RECORDED INFORMATION Block Start

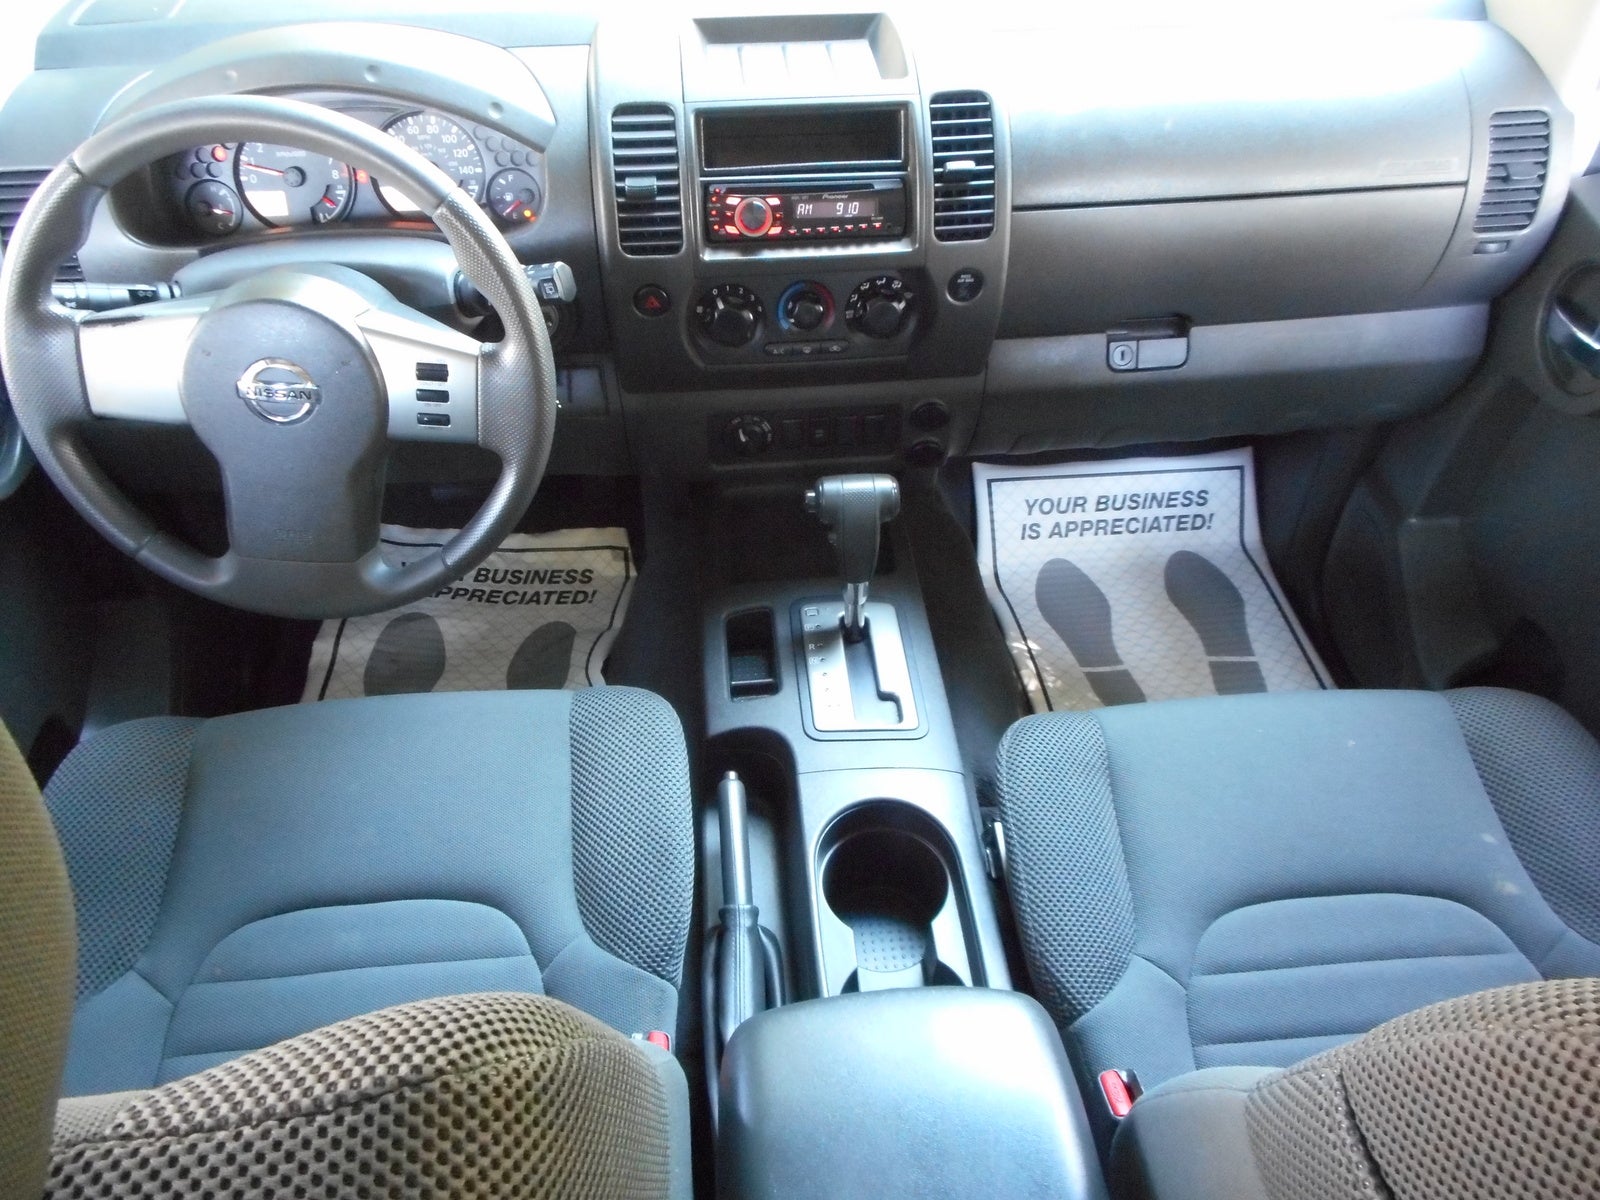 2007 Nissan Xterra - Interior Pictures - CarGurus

RECORDED INFORMATION Block End
RECORDED INFORMATION Block Start

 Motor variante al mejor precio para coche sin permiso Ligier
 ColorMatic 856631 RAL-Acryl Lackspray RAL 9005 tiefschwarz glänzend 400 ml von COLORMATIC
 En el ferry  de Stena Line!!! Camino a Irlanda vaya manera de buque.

RECORDED INFORMATION Block End
RECORDED INFORMATION Block Start

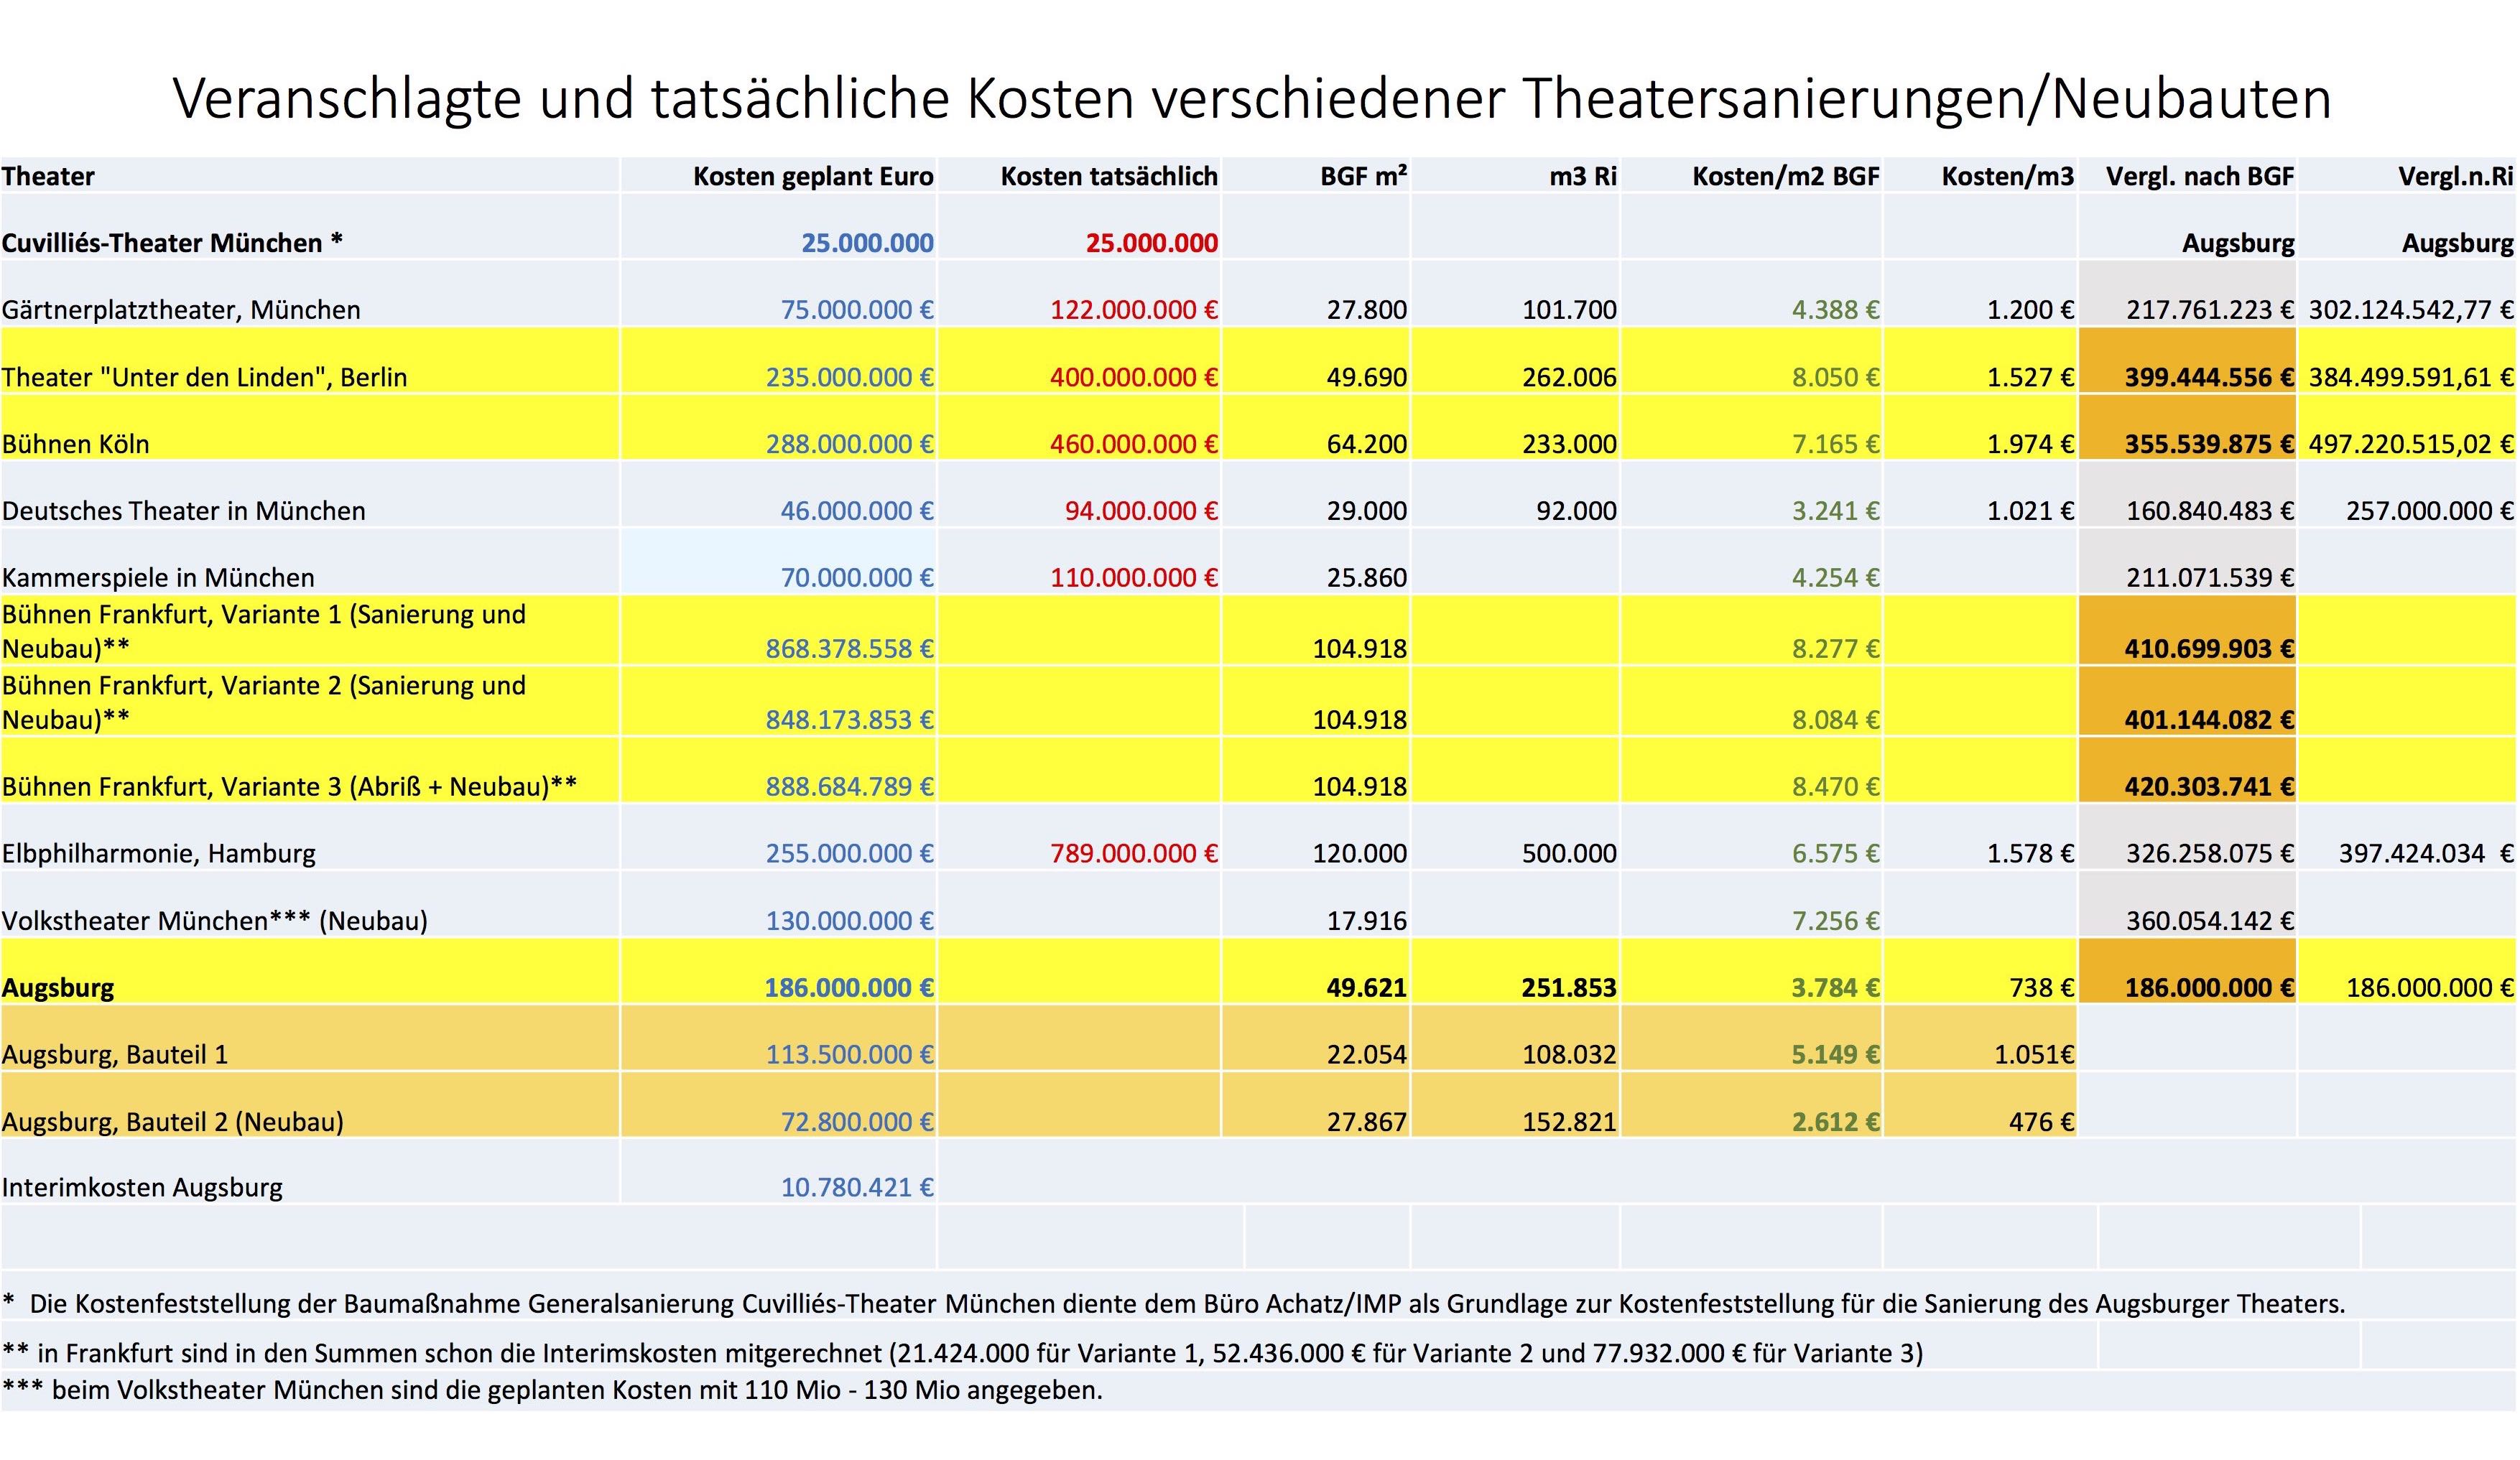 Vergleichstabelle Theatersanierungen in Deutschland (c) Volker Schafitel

RECORDED INFORMATION Block End

(EXERCISE INSTRUCTIONS)
Write out only the lines that run from the line containing "Motor variante al" through the line containing "En el ferry", both included, exactly as they appear above.

(EXERCISE ANSWER)
 Motor variante al mejor precio para coche sin permiso Ligier
 ColorMatic 856631 RAL-Acryl Lackspray RAL 9005 tiefschwarz glänzend 400 ml von COLORMATIC
 En el ferry  de Stena Line!!! Camino a Irlanda vaya manera de buque.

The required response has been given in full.